With ten tosses, the only way to get a proportion-of-heads outcome strictly between 0.4 and 0.6 is if you get exactly 5 heads. That has a probability of about 0.246 (${{_{10}}\choose{^5}}(\frac{_1}{^2})^{10}\approx 0.246$), which is about what your simulations (correctly) give.

If you include 0.4 and 0.6 in your limits, (i.e. 4, 5 or 6 heads in 10 tosses) the result has a probability of about 0.656, much as you expected.

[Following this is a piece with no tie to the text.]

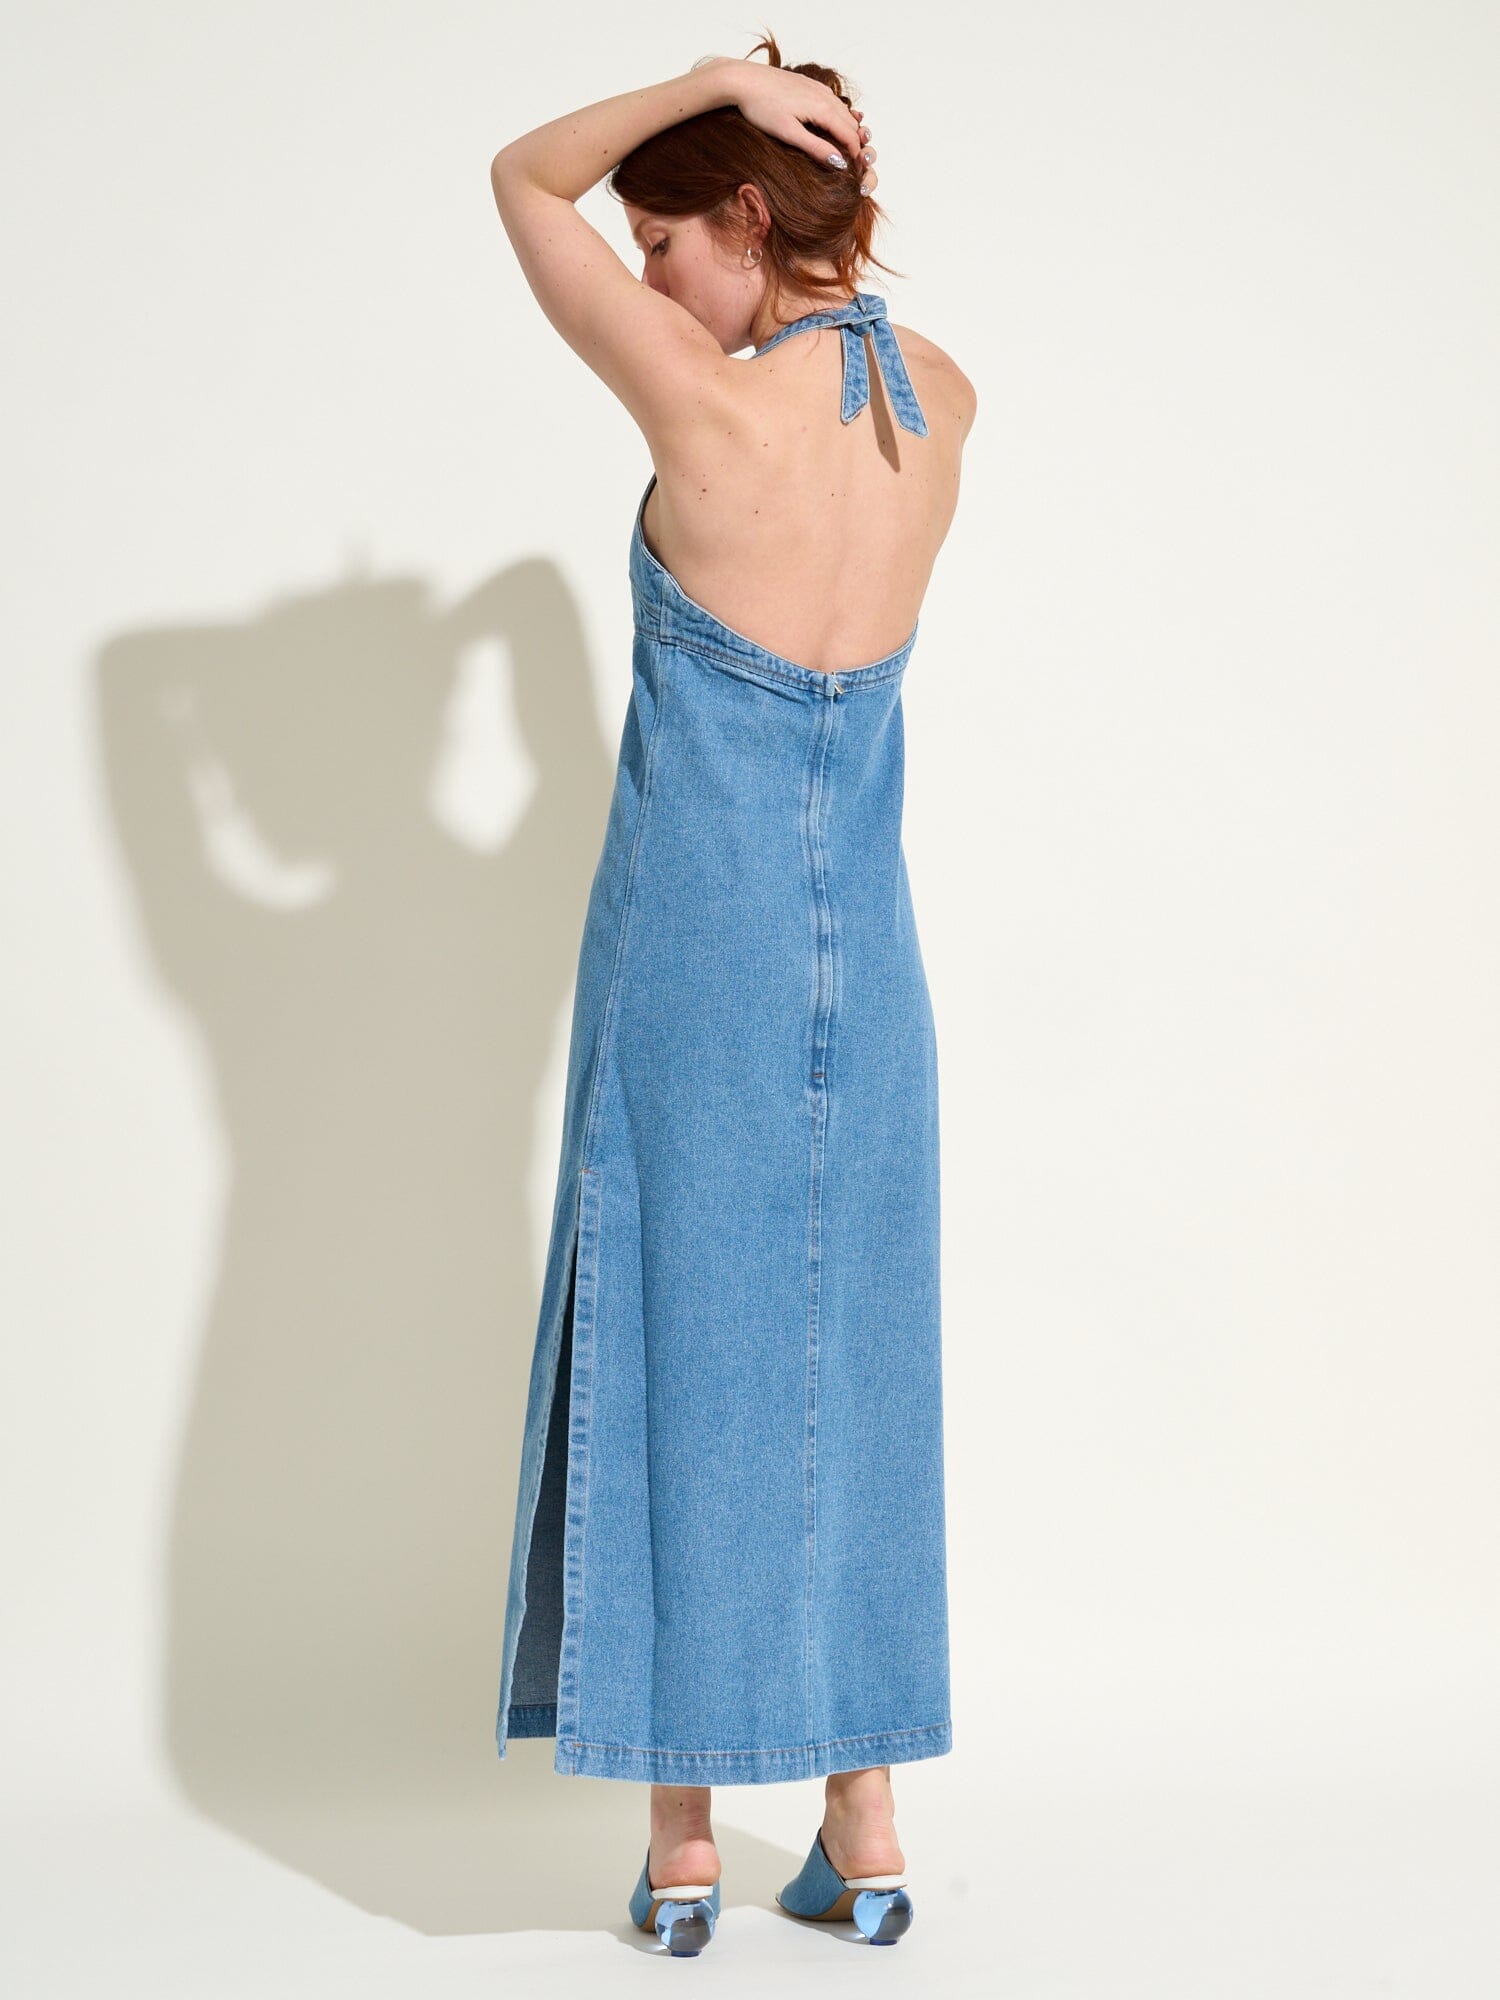 ELISABETH - Halter Tie Midi Dress in Washed Denim Oeko-Tex Blue Dress Fête Impériale

Your first thought should not be a problem with the random number generator. That kind of problem would have been obvious in a heavily used package like Mathematica long before now.

Glen_b
  • 257,508
  • 32
  • 553
  • 939
8

Some comments about the code you wrote:

  • You defined experiment[n_] but never used it, instead repeating its definition in trialheadcount[n_].
  • experiment[n_] could be much more efficiently programmed (without using the built-in command BinomialDistribution) as Total[RandomInteger[{0,1},n]/n and this would also make X unnecessary.
  • Counting the number of cases where experiment[n_] is strictly between 0.4 and 0.6 is more efficiently accomplished by writing Length[Select[Table[experiment[10],{10^6}], 0.4 < # < 0.6 &]].

But, for the actual question itself, as Glen_b points out, the binomial distribution is discrete. Out of 10 coin tosses with $x$ observed heads, the probability that the sample proportion of heads $\hat p = x/10$ is strictly between 0.4 and 0.6 is actually just the case $x = 5$; i.e., $$\Pr[X = 5] = \binom{10}{5} (0.5)^5 (1-0.5)^5 \approx 0.246094.$$ Whereas, if you were to calculate the probability that the sample proportion is between 0.4 and 0.6 inclusive, that would be $$\Pr[4 \le X \le 6] = \sum_{x=4}^6 \binom{10}{x} (0.5)^x (1-0.5)^{10-x} = \frac{672}{1024} \approx 0.65625.$$ Therefore, you need only modify your code to use 0.4 <= # <= 0.6 instead. But of course, we could also write

Length[Select[RandomVariate[BinomialDistribution[10,1/2],{10^6}], 4 <= # <= 6 &]]

This command is approximately 9.6 times faster than your original code. I imagine someone even more proficient than I am at Mathematica could speed it up even further.

heropup
  • 5,006
  • 1
  • 16
  • 25
  • 2
    You can speed up your code by another factor of 10 by using `Total@Map[Counts@RandomVariate[BinomialDistribution[10, 1/2], 10^6], {4, 5, 6}]`. I suspect `Counts[]`, being a built-in function, is highly optimized in comparison to `Select[]`, which has to work with arbitrary predicates. – David Zhang Feb 02 '15 at 14:03
1

Doing Probability Experiments in Mathematica

Mathematica offers a very comfortable framework to work with probabilities and distributions and -- while the main issue of appropriate limits has been addressed -- I would like to use this question to make this clearer and maybe useful as a reference.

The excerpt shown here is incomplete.